House Republicans seek 80% cut to federal program for students from low-income families
chalkbeat.org
Republicans in the U.S. House of Representatives want to dramatically slash funding for Title I, the long-running federal program that sends money to schools based on the number of children from low-income families that they serve.
A bill advanced by a Republican-controlled House subcommittee on Friday seeks to cut Title I grants by 80% or nearly $15 billion.
Republicans just keep writing the Democrat talking points for the next election.
You are viewing a single comment
No shit. Guess who's more likely to attend a private school? People with money are and are likely going to be "more successful" regardless of where/if they go to school. They're also likely to have more free time and resources to use after-school test improvement courses. It's like saying "the children of billionaires are more likely to become at least be millionaires when they are adults."

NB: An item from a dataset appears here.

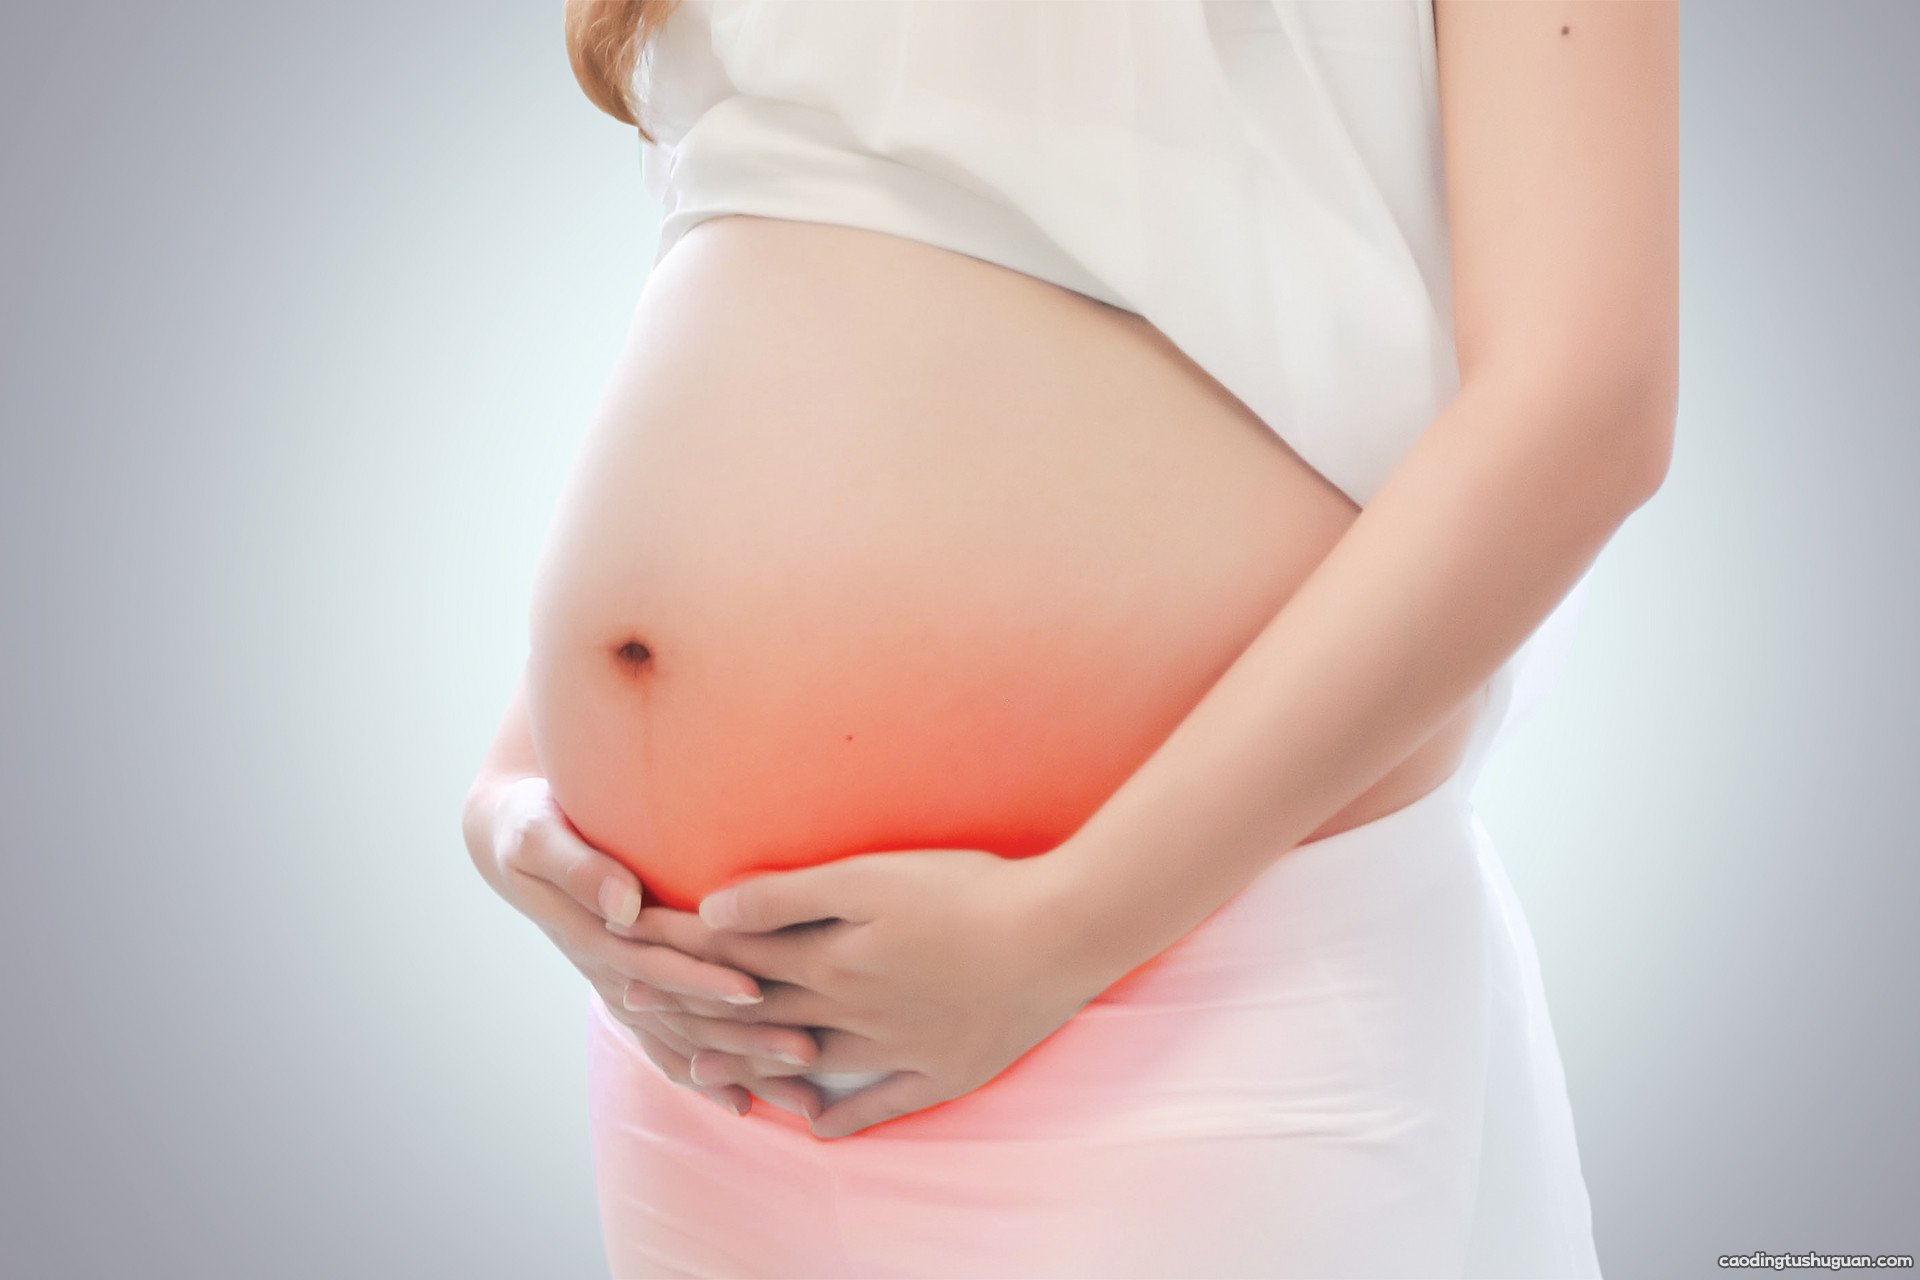 怀孕七个月胎儿的发育标准

Private education is not the cause of better outcomes. It is just a statistic with confounding factors. There's also a huge issue of private schools being for profit businesses, so looking good is important. They will remove poor performing students, and they will pass students who don't deserve it. There was at least one charter school that had almost no attendance but an almost 100% pass rate, because it was more profitable to pass them regardless and not enforce attendance.

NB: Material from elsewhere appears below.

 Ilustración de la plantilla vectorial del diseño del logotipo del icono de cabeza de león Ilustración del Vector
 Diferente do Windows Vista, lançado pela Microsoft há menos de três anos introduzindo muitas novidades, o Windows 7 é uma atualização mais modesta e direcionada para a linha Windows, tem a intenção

Profit should not be the measure of success for a school, so why would we ever want to make that the case? The only reasons are either to line someone's pockets or to get more children to go to indoctrination chambers rather than places of education.
That said, there are plenty of issues with public education in the US. You point to how much we spend per student, but look at how little money teachers make. Things need to change for sure, but that isn't turning them into institutions for turning out money rather than good students. Just look at for-profit universities in the US. There are very few good ones and the vast majority of good universities are public. (You still have to pay tuition obviously, but they get some amount of public funding but have to conform to certain rules.)
Interesting, so people that have the ability to send their kids to different schools, like having a school choice, is having more input and the kids are provided better materials and resources than they are in public schools!
first off, not all private schools are for profit. Secondly, that's the point, they need to do well, or they don't make money. That's like saying 'dammit, apple only makes money because they provide a service that billions of people pay for and enjoy!! grrrr, I wish we just had one standard government phone for everyone!"
Really? You're saying the private schools are the issue with this? Public schools it's literally illegal to hold someone back.
And baltimore public schools produce illiterate kids. You think using one example to base your opinion off of all charter schools is okay? I'll do the same but can name hundreds of public schools.
I didn't. I made test scores and success in life a metric for it. Right now, schools are more segregated since they were literally segregated.
Your policy of forcing every kid to go to public school and requiring that parents will need to pay 40k to a private school to get a better education only hurts people. There are plenty of benchmarks we can require to ensure private schools take in students from different demographics. Right now a poor inner city kid is sent to a shitty inner city school, without an option to actually go to a good school. Give parents the option to do that.
How public schools are run aren't making good students. I want to switch it up by offering the choice for schools.
My app is removing everything I type when I scroll up, and I'm not going to work around that. Anyway, you're misrepresenting what I said, whether purposeful or not. People with resources and money will always have better outcomes no matter where they go to school. It just so happens that many (most) private schools have a barrier that prevents people without resources from attending, so private schools appear to do better because they have better outcomes, but it's by design. The design isn't that they're better educators either, it's that their choosing to only accept people who will already likely have better outcomes because of confounding factors.
I have addressed one way to get around that off the top of my head above. I'm sure there are plenty of other ways.